Make sure you fill out your FAFSA before June 30th! FAFSA - Free Application for Federal Student Aid

Columbia will let you borrow up to the COST OF ATTENDANCE, which is set by the university each year:
1st- and 2nd-Year MFA Students

Tuition  *$58,728*
Career Services Fee   *$160*
Student Activity Fee   *$40*
University Facilities Fee *$960*
Health Services Fee *$1,082*
Medical Insurance *$2,991*
*Total  * *$63,961*

*Other estimated typical costs (per 9-month academic year)*
Living Expenses (Room & Board) $20,682
Transportation $1,089
Personal Expenses $4,671
Books & Supplies $2,874
Loan origination fees (for U.S. Citizens and
Permanent Residents with federal loans) $218

In combination with ALL of your loans, you will be able to borrow* all $93,495 needed to cover you for the entire school year*.
The Grad PLUS will kick in after your other loans and financial aid has gone through to cover "the gap," all outstanding money needed after other loans. Assuming you qualify for the Grad PLUS loan. From my research the only people who regularly need to appeal a denial for a GradPLUS are people with a Bankruptcy. They do run a credit check, but from a person with "ok to low" credit, I was able to get one.

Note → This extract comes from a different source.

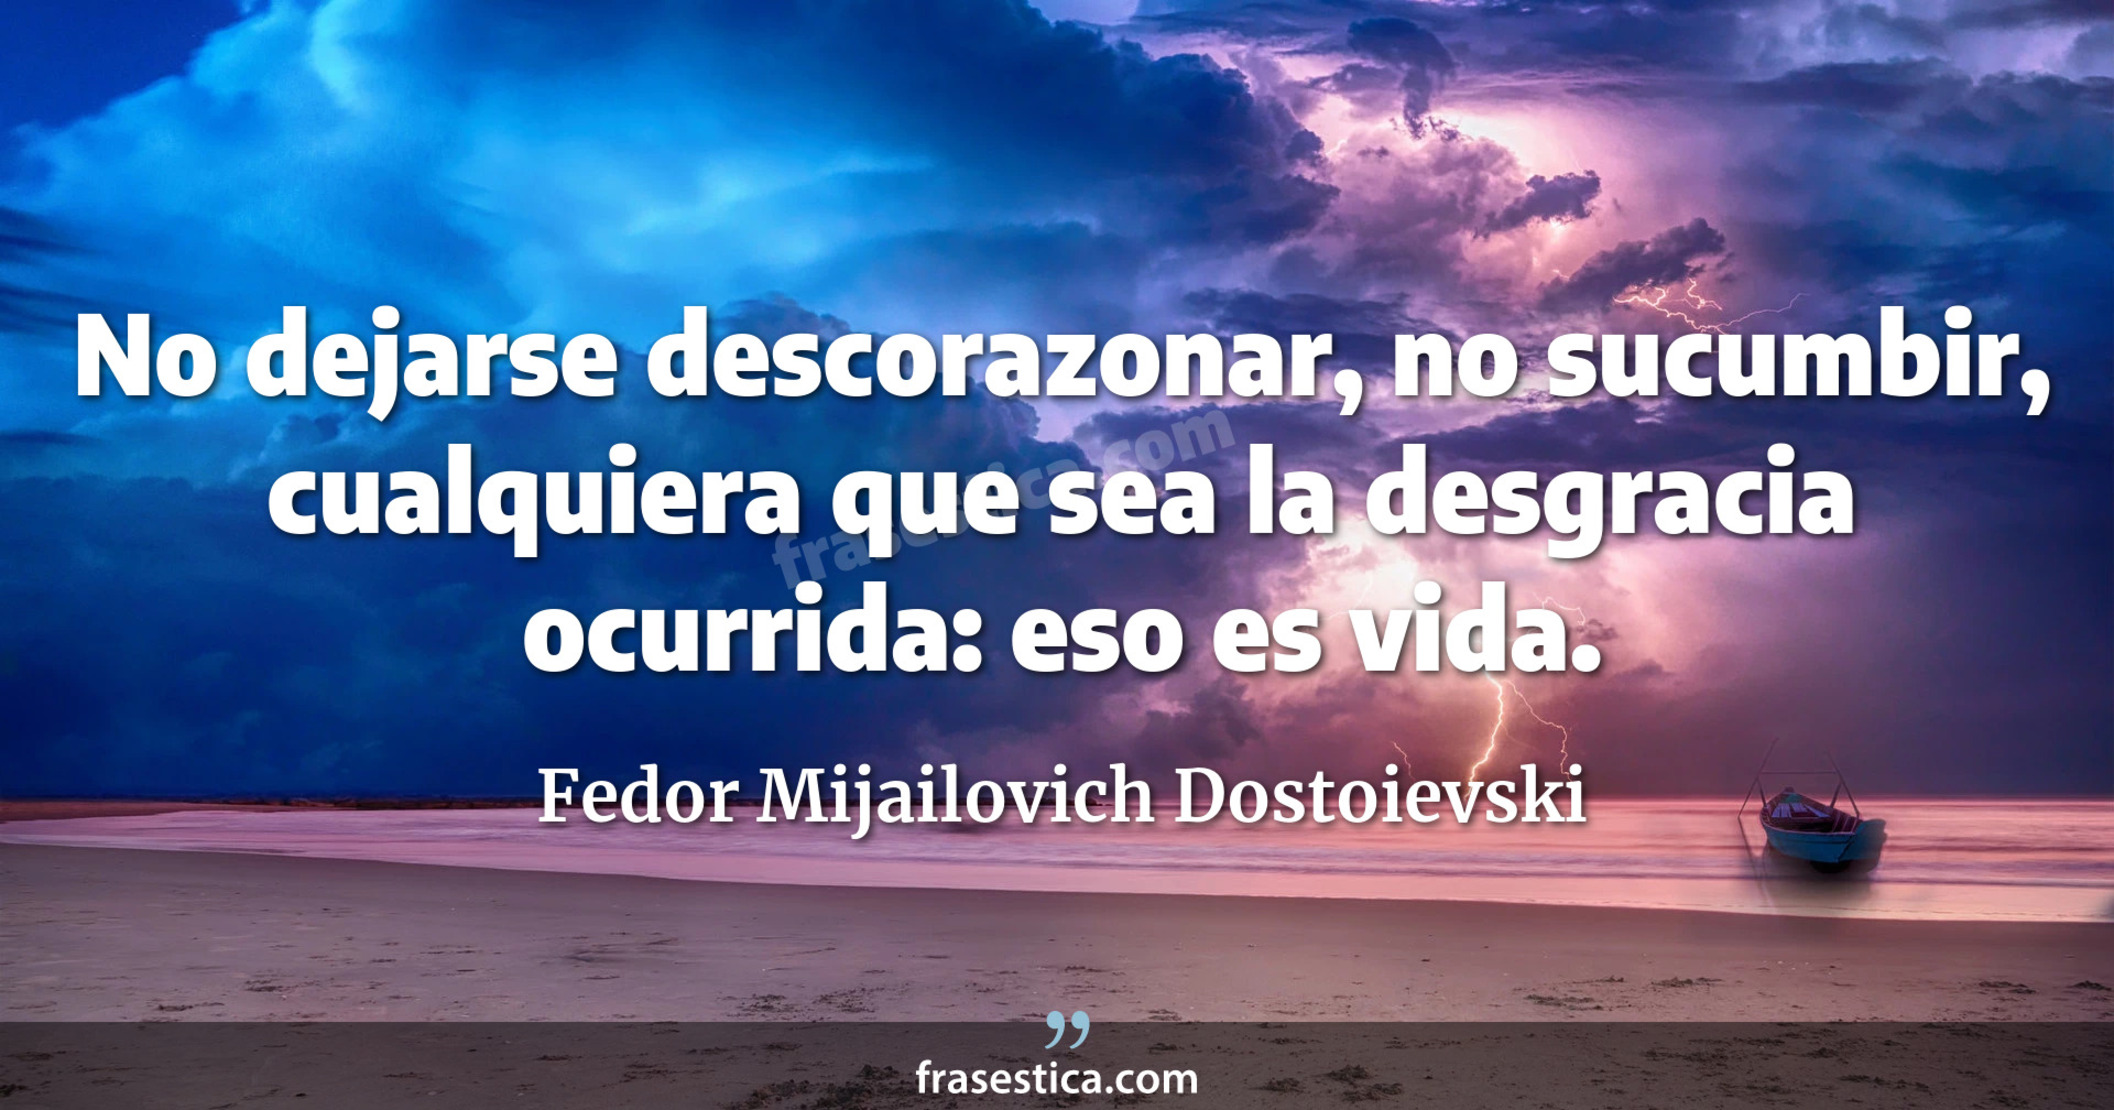 No dejarse descorazonar, no sucumbir, cualquiera que sea la desgracia ocurrida: eso es vida. - Fedor Mijailovich Dostoievski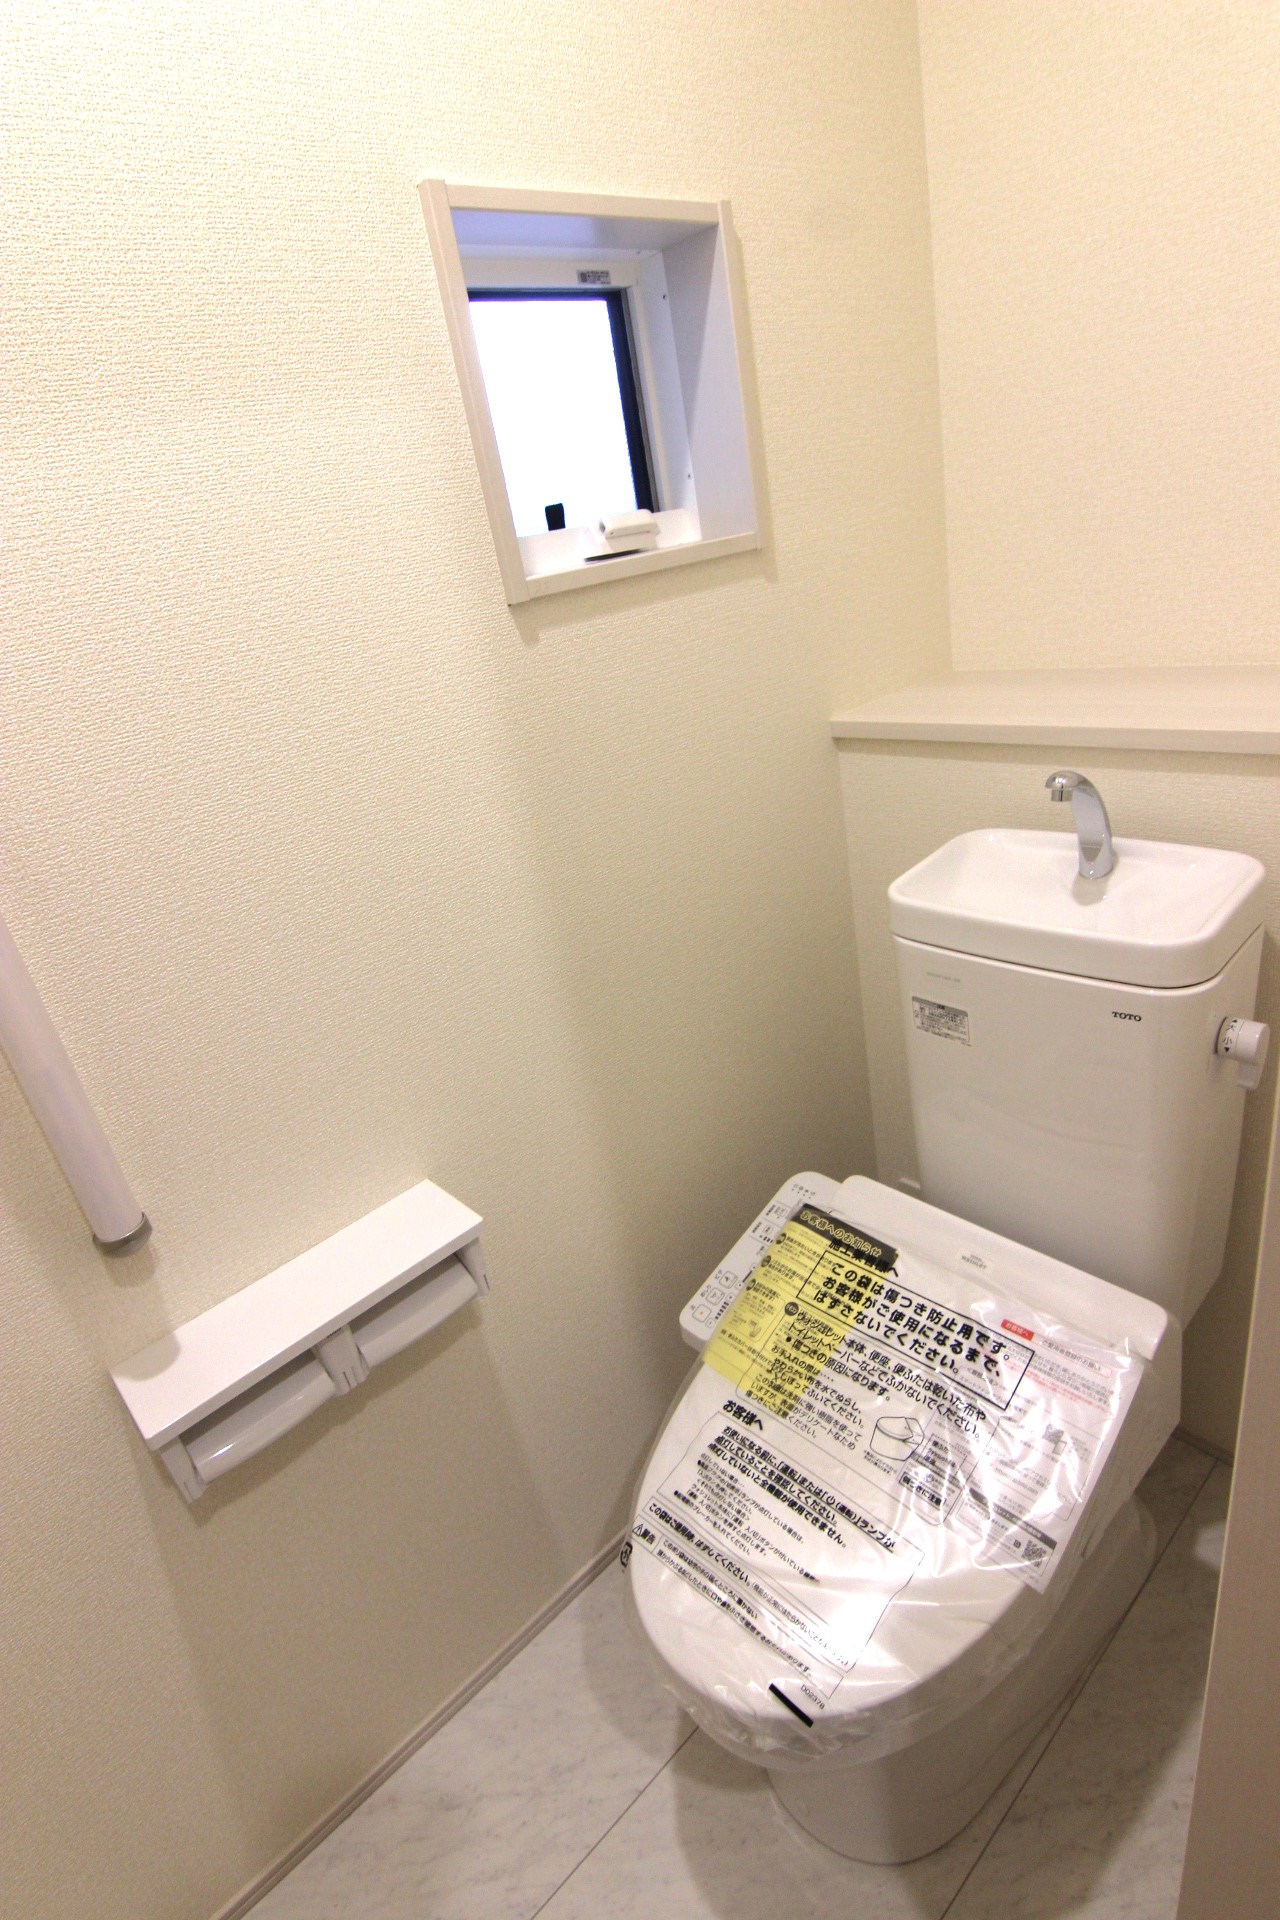 【8号棟:1階トイレ】　多機能ウォシュレット・手摺り・壁面収納付き・背面には小物が置けるカウンターも付いています。※トイレの仕様は全棟共通です

Basically, you should feel OK about MONEY AVAILABLE. This was a huge relief for me. In undergrad there are loan limits (which means working while in school), but the USGOV opens up the limits once you get into grad school. Technically, there is no limit. Only a number set by the school. The school determines maximum loan limits and costs of attendance.

If you are concerned about repayment, join the club  However, for now (and I mean that FOR NOW so get while the getting is good) the US Gov has a loan repayment plan that is income-based. Its called the REPAYE PLAN (Income-Driven Plans) which amounts to 10 percent of your discretionary income ("discretionary income is the difference between your annual income and 150 percent of the poverty guideline for your family size...") once you graduate.

There is a good calculator here:
StudentLoans.gov

With $300,000 in loans on a $20k per year adjusted gross income (this is after deductions) and I had a repayment of $16 per month. Also loans are forgiven in 15/20/25 year groups. So when you graduate if you are an intern or doing coverage for $25 a script, you wont get pummeled by loan payments if you play your cards right!

TIP: A very friendly loan servicer tipped me off to a nice loop hole. Since I am a full time student, and my annual income is like $5-$10k, I actually went into repayment my second year at Columbia. Why? Because my income is so low, my monthly payments are $0 and the other four years at Columbia will count towards my 25 year pay off. Smart. Clever. Do it!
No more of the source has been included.